三十一章

杜衫的脖子,只要一剑下去,血封喉,剑过于冰冷挨着肌肤有几分寒骨。

    “你从来都不携带剑。”杜衫开口。

    “别动。”燕飞握着剑柄加重了几分力道,深邃的眼眉骨有了一丝慌乱。

    杜衫看着铜镜,铜镜中是他自己一副淡漠的表情,“你要动手就现在动手吧,以后不会再有这样的机会。”

    “为何你还能什么事都没发生的样子,现在我最痛恨的就是你这副表情。”燕飞一直记得那晚杜衫对他的笑,那样作弄他。

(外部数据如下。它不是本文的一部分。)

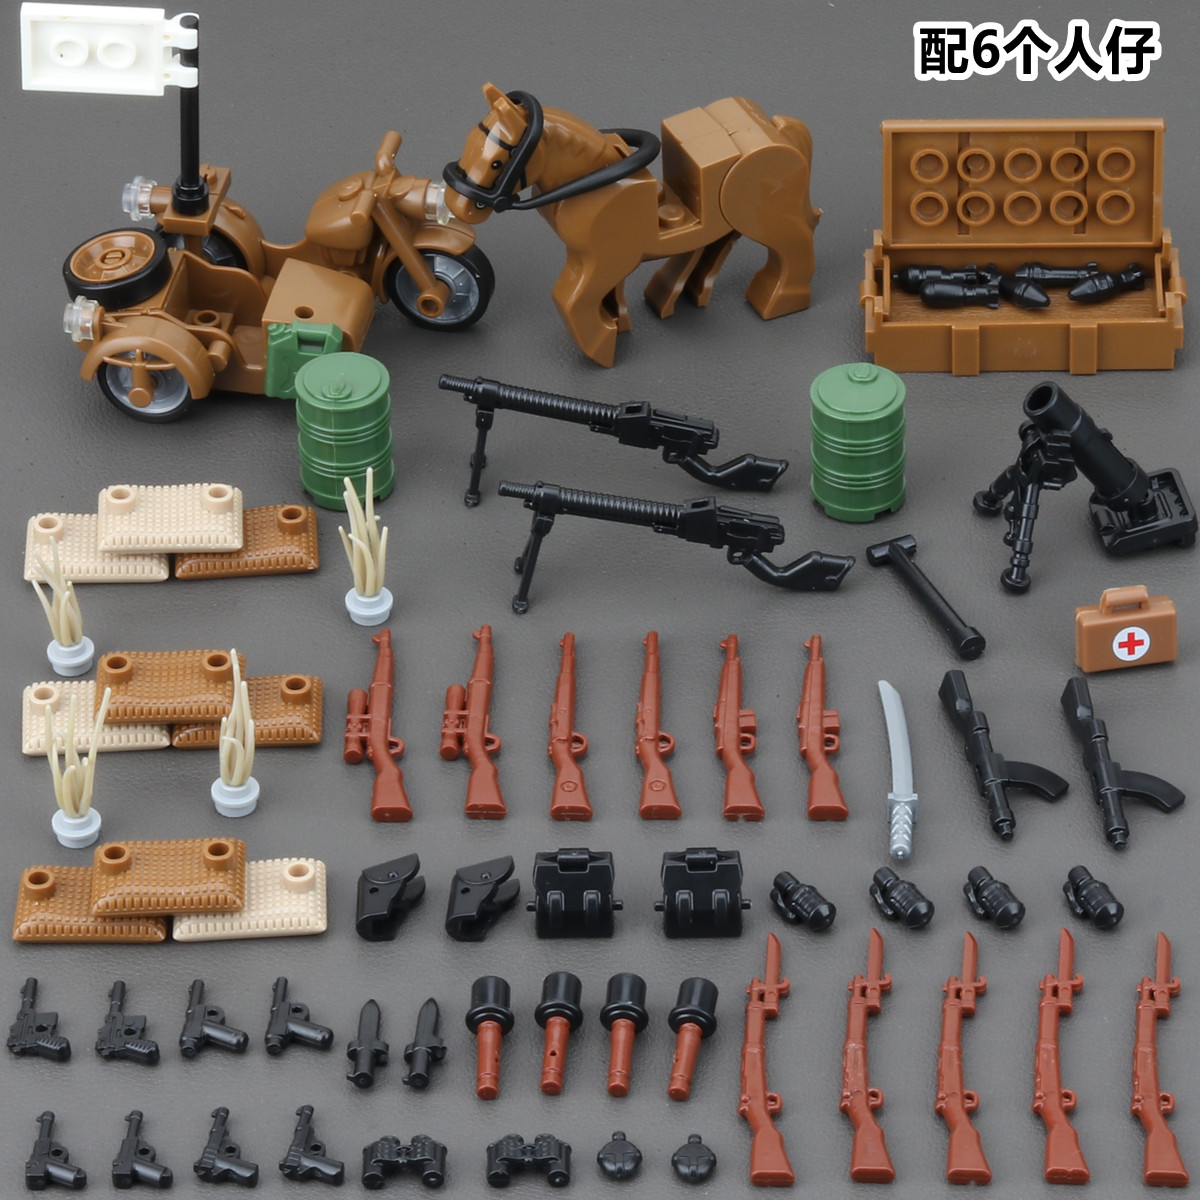 二战德军事人仔积木拼装人偶士兵乐高八路军德军装甲车模型小玩具
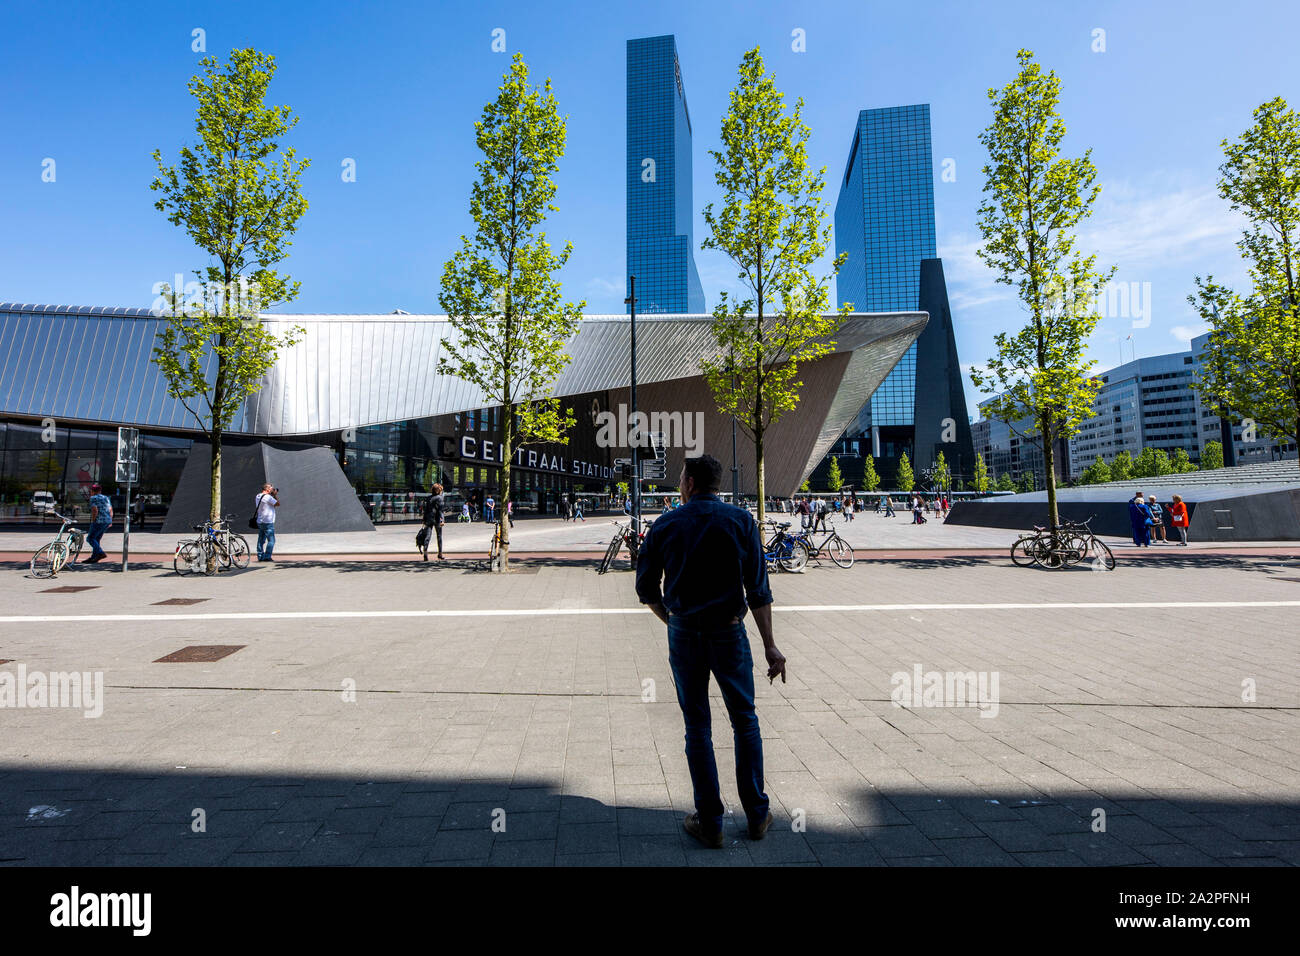 La gare centrale de Rotterdam Centraal, Gare, Hall, Pays-Bas Delftse, immeuble de bureaux, Port Banque D'Images

    杜衫嘴角勾起一个笑,颇为不屑,“莫非要我笑才好。”

    铜镜掉落在地断成两半,燕飞一剑改为劈向台面,他下不了手,“你不要激我,代大哥对我们这么好,为何你还要背叛,莫非你的心真的是石头做的?”

    杜衫起身一个利落抓起燕飞拿剑的手腕,贴身压近,“我的心是不是石头做的,你摸摸它就知道。”

    被杜衫直勾勾注视,燕飞难堪的把头一扭,他的眼眸透着一点蓝,很多人都不敢和他这么明目张胆的对视。

    “你摸,你为什么不摸,你不是说我心是石头做的么!”杜衫开始激动道,强拉住燕飞的手腕往自己胸口戳。

    燕飞欲推开压在他身上的杜衫,可杜衫却力道惊人,只能重新把剑送上去,一双眼也有了几分恨意。

    这双眼如一盆冷水把杜衫刚点起来癫狂瞬间熄灭,他松了燕飞手腕拉开距离,“你是江湖人,江湖有江湖的道,我是官家人,官家有官家的道。”

    “我燕飞从来不听什么道,我就认我自己的一套,你背负代大哥在先就是不义,你伪装自己悬壶济世就是心有不正。”

    每一句搅得杜衫心中的伤洞越发地痛楚。

    燕飞不明白为何自己在杜衫眼睛里读出了受伤,他放下剑心有戚戚,原来心不全是石头做的。

    “你不是要了结我么!”杜衫发问。

    燕飞一掌推开门,阴湿地冷气进入屋内,“你既然在我这里没了生的意志,事已至此,我了结你现在还有何意义!”

    “再没有这样的机会能让你把剑放我脖子上。”

    燕飞皱眉回头看杜衫始终背对着他,就像一个孤零零的影子,摇摇曳曳的,当初就是被这样一个人给骗去,当他回来时知道杜衫的欺瞒,他是真的怒有那么一个人能如此玩弄他人,现在他生气不起来,反倒觉得这人让他心里产生一种怜悯的情愫,“我不稀罕你现在这样。”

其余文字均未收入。